HMRC targets overseas-based UK landlords not paying tax

Nearly 400 overseas based buy-to-let landlords have disclosed unpaid tax on rental income to HMRC in the last year as the tax authorities intensifies its campaign to net offshore landlords hiding income

HMRC has been mailshotting thousands of UK landlords as part of its Let Property Campaign, suggesting it knows that they are not declaring the full tax they owe.

Overseas landlords, many of whom are UK expats rather than wealthy foreign investors, are now coming forward in response to the campaign, which is designed to encourage landlords to voluntarily disclose to HMRC that they have not paid the full amount of tax on their rental income.

Over the last tax year, 397 overseas-based buy-to-let landlords admitted to HMRC that they had not been paying the tax on their rental income, up 61% on the 246 that came forward in the previous year, according to accountants Moore Stephens.If landlords do not respond within 30 days of receiving a letter from HMRC, they are liable to face penalties based on what HMRC believes they owe, or even criminal investigations for non-compliance.

HMRC is using its immense artificial intelligence (AI) database, Connect, to gather more information on landlords. Connect allows the tax authority to cross-check activity across innumerable information sources from property disclosures on tax returns to estate agents’ client lists and land registry data, as well as social media profiles and extraordinary spending patterns to identify instances of tax avoidance and evasion.

 It is estimated that Connect now generates 80% of HMRC’s tax investigations.

As many landlords do not use estate agents when letting property, HMRC can also access data from the tenancy deposit scheme to cross reference buy-to-let landlords against people declaring rental income.

Jonathan Green, partner at Moore Stephens, said: ‘More and more landlords are starting to approach HMRC to avoid the risk of being hit with heavy sanctions further down the line.’

‘HMRC is “offering the chance” to landlords to bring their tax affairs up to date.

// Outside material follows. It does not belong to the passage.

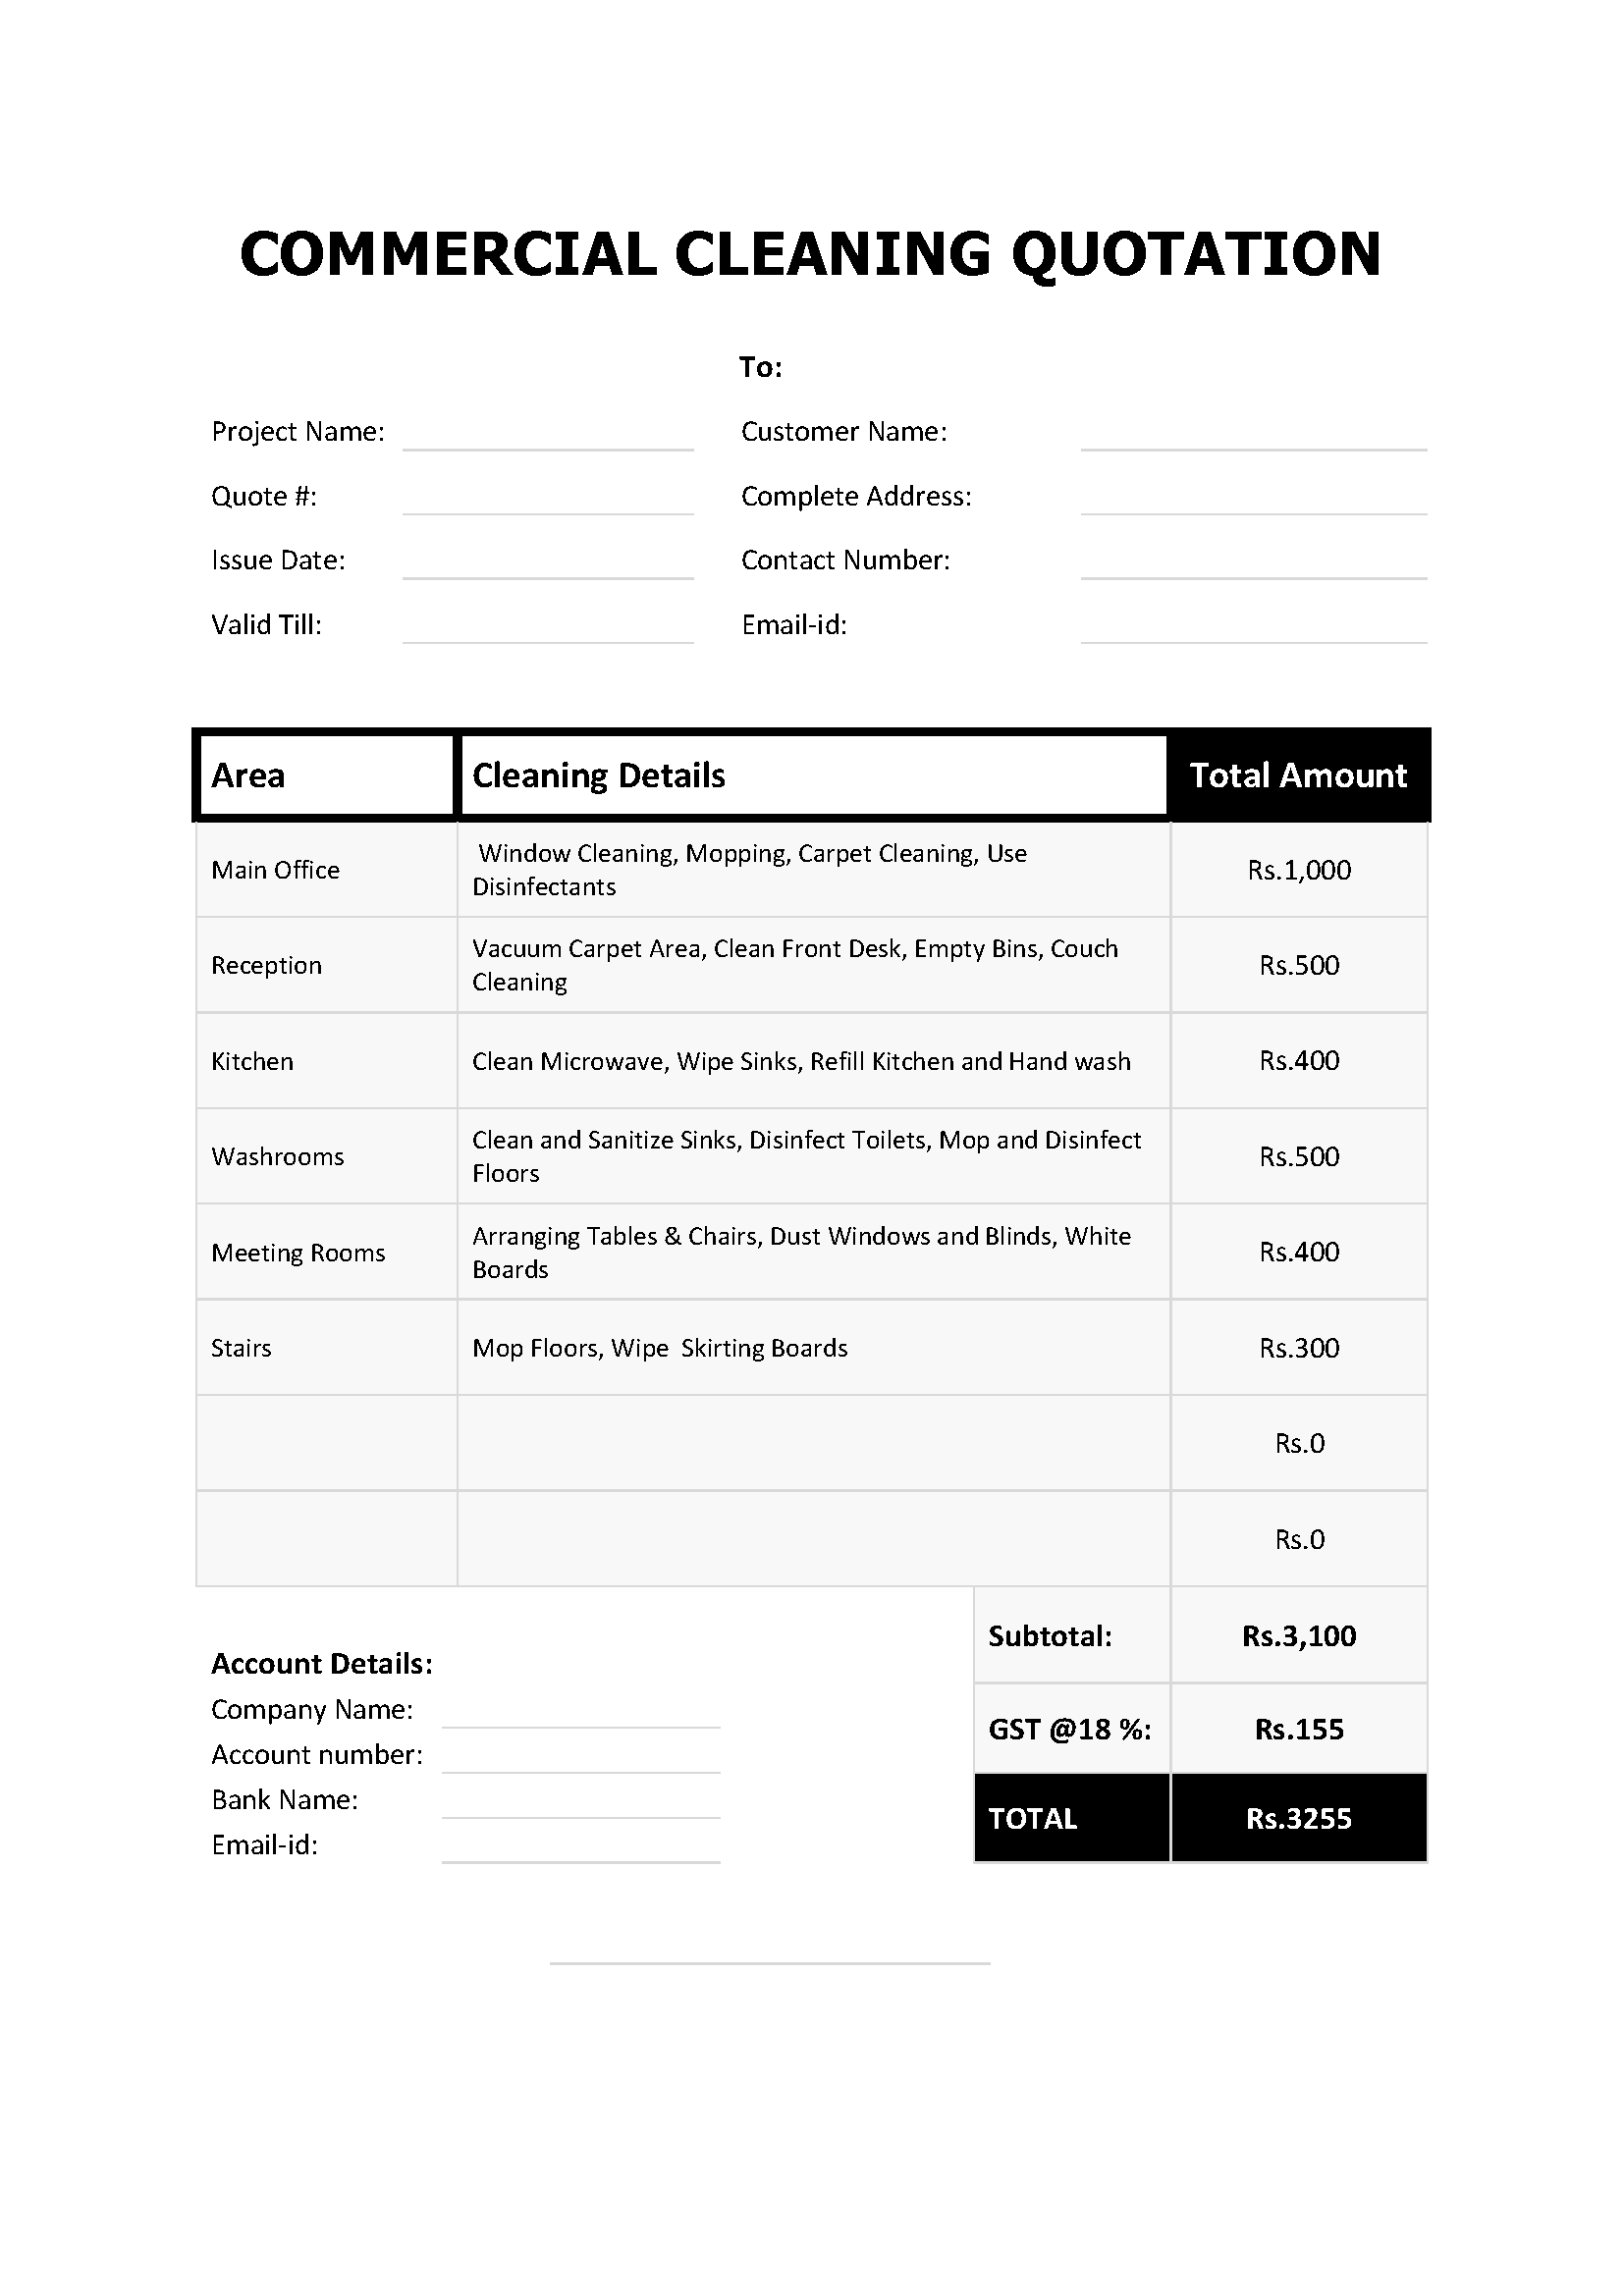 Commercial Cleaning Quotation Template

However, the letters being sent out by HMRC make it pretty clear that it is threatening a full-blown investigation.’

Endless changes to property tax law in recent years, as well as the non-residential capital gains tax rules (NRCGT), are also causing confusion for landlords, particularly those living overseas who may not be to date with UK tax law, while others fail to even know what their responsibilities are.

Green said: ‘In some cases, people have inherited buy-to-let properties and others think that because they are only making a modest profit it does not count. It is very easy to make mistakes or get behind on your paperwork for a buy-to-let investment.’

‘However, with HMRC using every means possible to track tax avoiders down, landlords must seek professional advice once they realise that they have underpaid tax.’